Ipsos Public Affairs surveyed 1,001 Canadians online from March 20 to 23 and the results suggest more Canadians are moving away from formal religions.
About 51 per cent of Canadians polled by Ipsos Public Affairs agreed that “religion does more harm in the world than good.” That’s a seven-point increase from a similar questionnaire that was conducted in 2011.
“A couple of points of shift is not a big deal because that’s all in margin of error, but when we have changes of seven points in six years ... that’s a significant shift,” said Sean Simpson, vice-president of Ipsos Public Affairs.
Simpson told The Catholic Register that in a technological age where information is so easily accessed, Canadians have a “higher sensitivity” to news of religious radicals committing acts of violence and terrorism.
He also attributed this shift in public perception to the growing secularization of Western culture.
“If you go further along in the study, only 22 per cent feel that it’s important to their political thinking,” said Simpson. “And it’s only 29 per cent among Catholics, which means that seven in 10 Catholics say it’s not important to their political thinking. They are likely not supporting political parties based on those traditional values.”
However, Reginald Bibby, a sociologist at the University of Lethbridge who studies religion trends with the Angus Reid Institute, says Canadians are much more complex that the survey reveals.

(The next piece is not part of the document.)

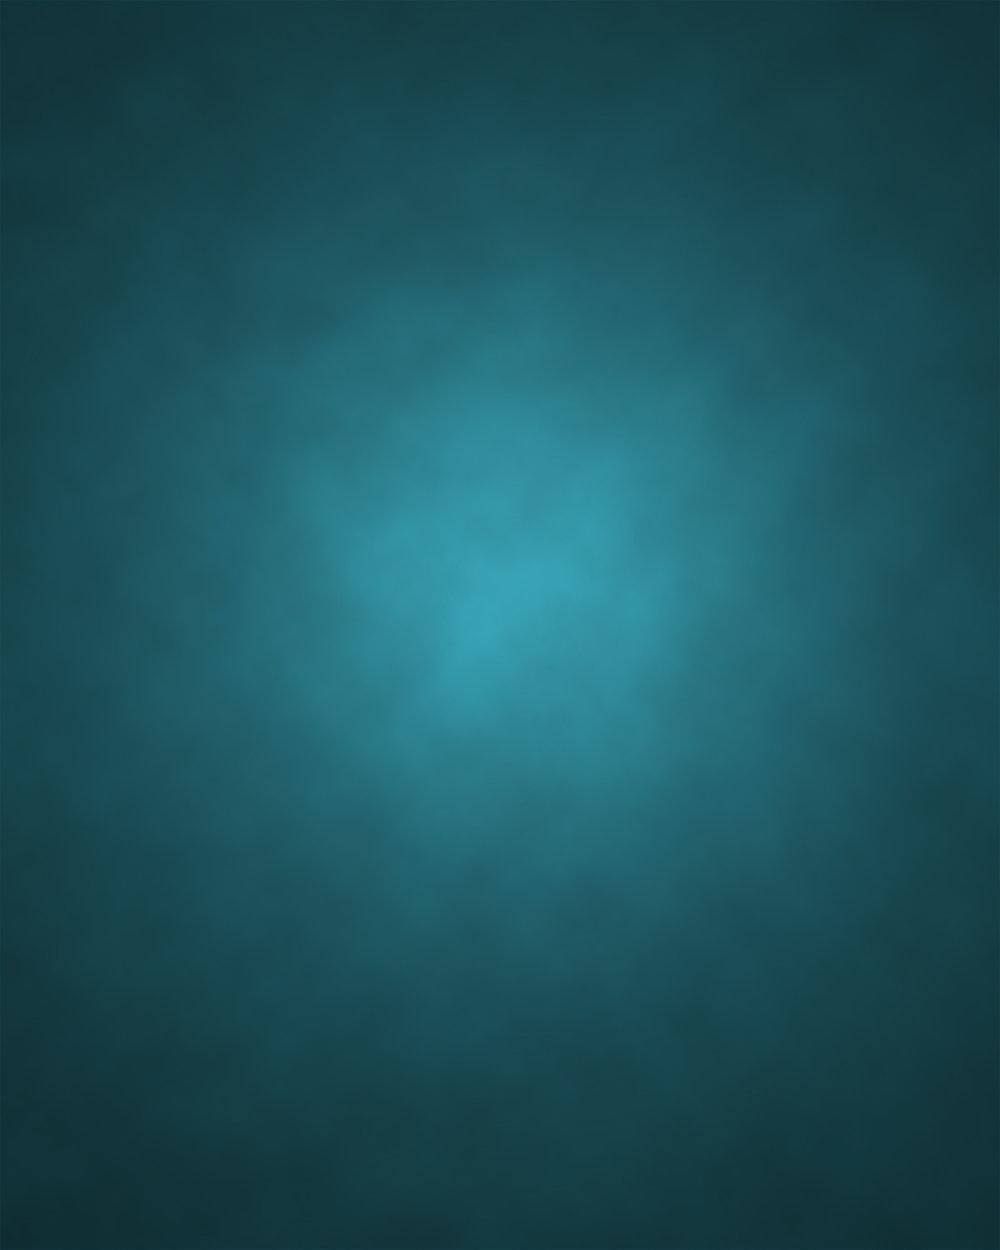 Background Option #9 - Teal

“By our standards, in terms of sociology of religion, all I’m saying is Ipsos has very loose items,” he said. “That item about religion doing more harm than good ... our figure was 51 per cent positive on that, so virtually the same figure.”
Bibby explains that 51 per cent in either direction should be largely understood as a 50/50 split and Canadians have been split on this particular statement for many years.
Bibby’s data comes fromresearch for a book he published in April called Resilient Gods.
In his research of data dating back to 1975, he found that a “solid core” of 30 per cent view religion as a central part of their lives. Another 30 per cent reject religion, while the remaining 40 per cent are somewhere in the middle.
Bibby said that depending on any number of social and cultural factors, these groups would shift slightly over the years. However, he believes religion is here to stay. With a steady increase in immigration, Bibby said the “pro-religious core” in Canada is assured for the foreseeable future.
“Frankly, we’ve been asking these same questions for years,” said Bibby. “It’s one of the frustrating things as an academic when you’re doing research on stuff like this, you have to meet all kinds of standards, and it’s slow and there’s a review board. .. but then you come along and see a few poll items and the media jump all over it like it’s some big finding.”
Bibby said that comparing data from 2011 to 2017 is much too short a time frame to fully understand the direction in which Canadian perception on religion is going.
“If you had asked that question in 2001, you know what you’d be expecting, especially after 9/11,” said Bibby. “Had they done the survey in 2001, now that would be noteworthy.